What the task requires - Print, exactly as they appear in the listing below, the lines from the line with "Diana Stormrider PCP" to the line with "James Cameron, director of", with both end lines kept.

Records to process -

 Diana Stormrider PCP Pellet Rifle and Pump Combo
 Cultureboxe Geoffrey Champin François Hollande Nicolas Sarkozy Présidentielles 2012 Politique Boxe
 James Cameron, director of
==
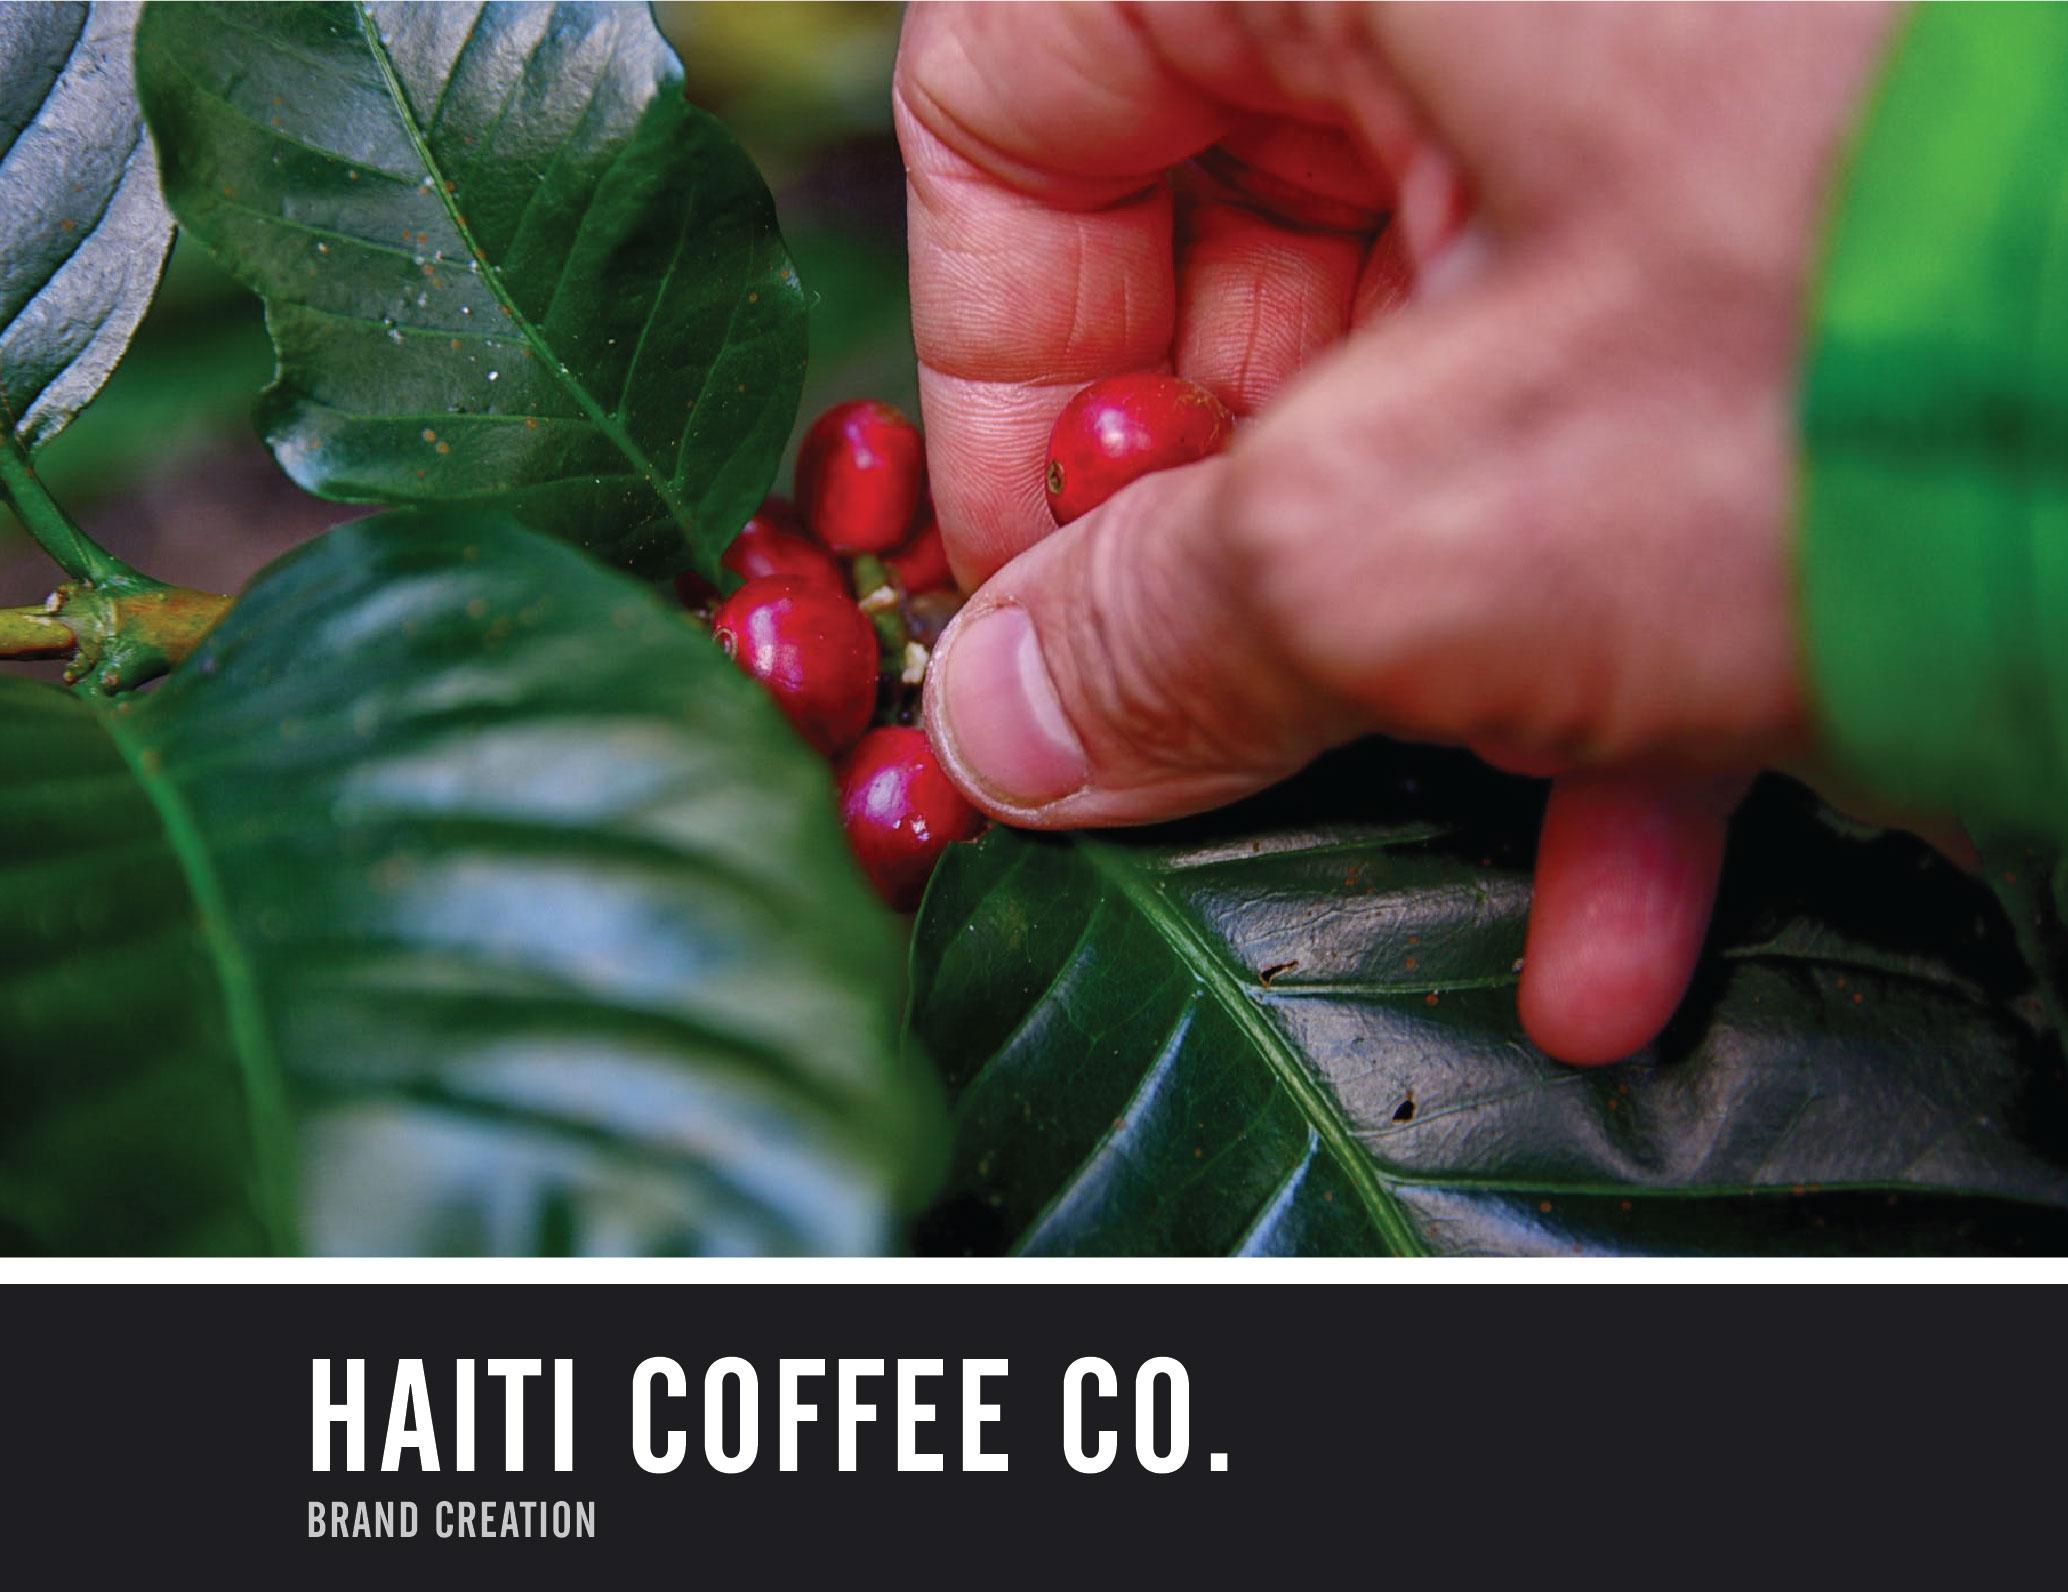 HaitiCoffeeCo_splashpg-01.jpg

Result of this task -
 Diana Stormrider PCP Pellet Rifle and Pump Combo
 Cultureboxe Geoffrey Champin François Hollande Nicolas Sarkozy Présidentielles 2012 Politique Boxe
 James Cameron, director of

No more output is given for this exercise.